General materials survey

R. K. ROUT, A. SHYAM and V. CHITRA “EFFECT OF ELECTRODE MATERIALS ON THE NEUTRON EMISSION FROM A PLASMA FOCUS” Ann. nucl. Energy, Vol. 18, No. 6, pp. 357-358, 1991

Moly in a high rep rate source

R. Petr, A. Bykanov, J. Freshman, D. Reilly, and J. Mangano “Performance summary on high power dense plasma focus x-ray lithography point source producing 70nm line features in AlGaAs microcircuits” Rev. Sci. Instrum. Vol 75 No 8. pp 2551-2559 2004

To start, the paper by Rout et al shows that a very tiny fraction of the high Z atoms make it into the plasma but it doesn’t specify where the atoms are. Petr et al showed long lifetime operate of a Ne based plasma focus for ~5 million shots with moly and very little anode erosion.

R. Verma, P. Lee, S. Lee, S.V. Springham, T.L. Tan, R.S. Rawat and M. Krishnan, “Order of magnitude enhancement in neutron emission with Deuterium-Krypton admixture operation in miniature plasma focus device” App. Phy. Lett. 93 2008

B. L. Bures, M. Krishnan, R. Madden and F. Blobner “Enhancing Neutron Emission From a 500-J Plasma Focus by Altering the Anode Geometry and Gas Composition” IEEE Trans. Plasma Sci. Vol. 38 pp 667-671 2010

To further complicate the matter, high Z may not be a bad thing. People intentionally introduce high Z gases with the fuel gas to improve neutron yield. The high Z gases appear to improve compression of the pinch in small quantities (less than 10% by mass). Measurements with X-ray cameras do not show any contribution from a deuterium pinch. If the pinch was contaminated with high Z impurities they would by highly visible.

The final consideration is the x-ray contribution to the total yield. Even if the x-ray yield increases by orders of magnitude, the production of fusion charged particles will increase by orders of magnitude. The fusion contribution typically trumps the x-ray contribution by nearly 100x. If direct energy conversion is applied to the charged particles, something like 70% can be converted to electricity. For a 100 MJ per shot (fusion gain) system, that means nearly 69 MJ of energy derived from direct charged particle conversion. The x-rays are likely to be converted to electricity by heat then turbine.

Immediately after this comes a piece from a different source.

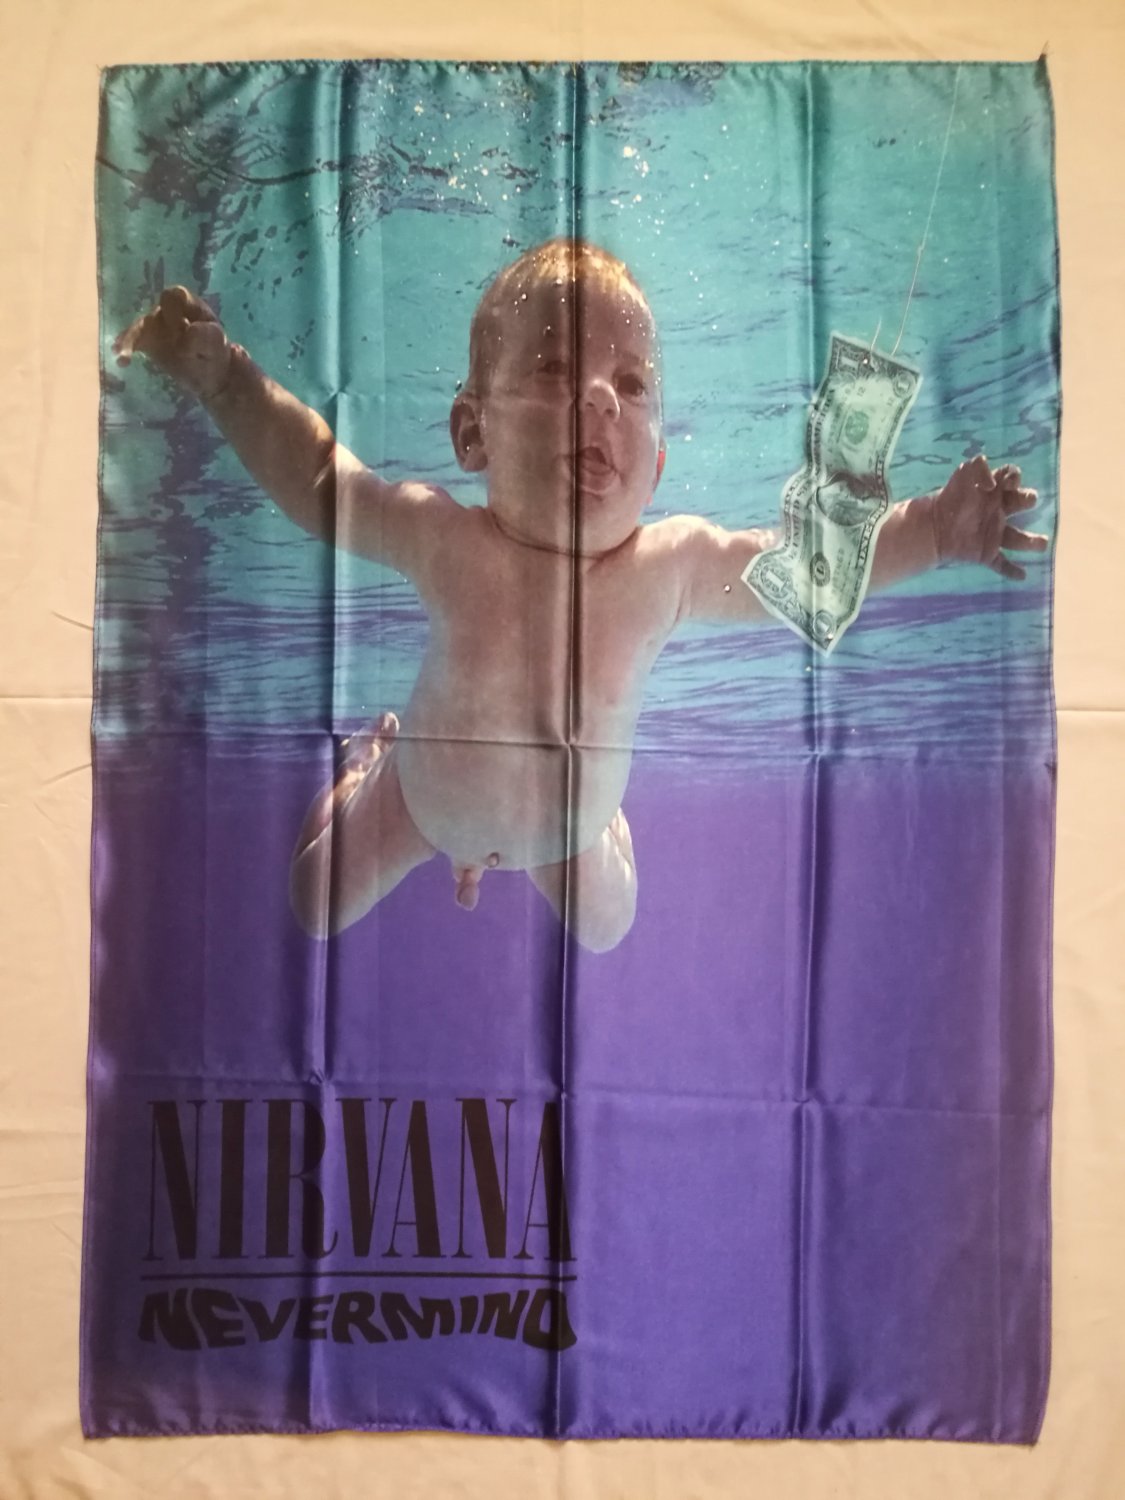 NIRVANA - Nevermind FLAG cloth POSTER Banner GRUNGE Kurt Cobain Alice in chains

The x-rays make up ~1 MJ and can be converted at best 40%. Therefore, the x-rays provide ~400 kJ of electricity at best. One could claim some sort of exotic photovoltaic, but the conversion efficiency is not going to exceed 40%. By these arguments, the x-rays need to be shielded and not converted; a tiny fraction of the radiated power that is converted very inefficiently is not significant. Therefore, a refractory metal is the best choice for an anode.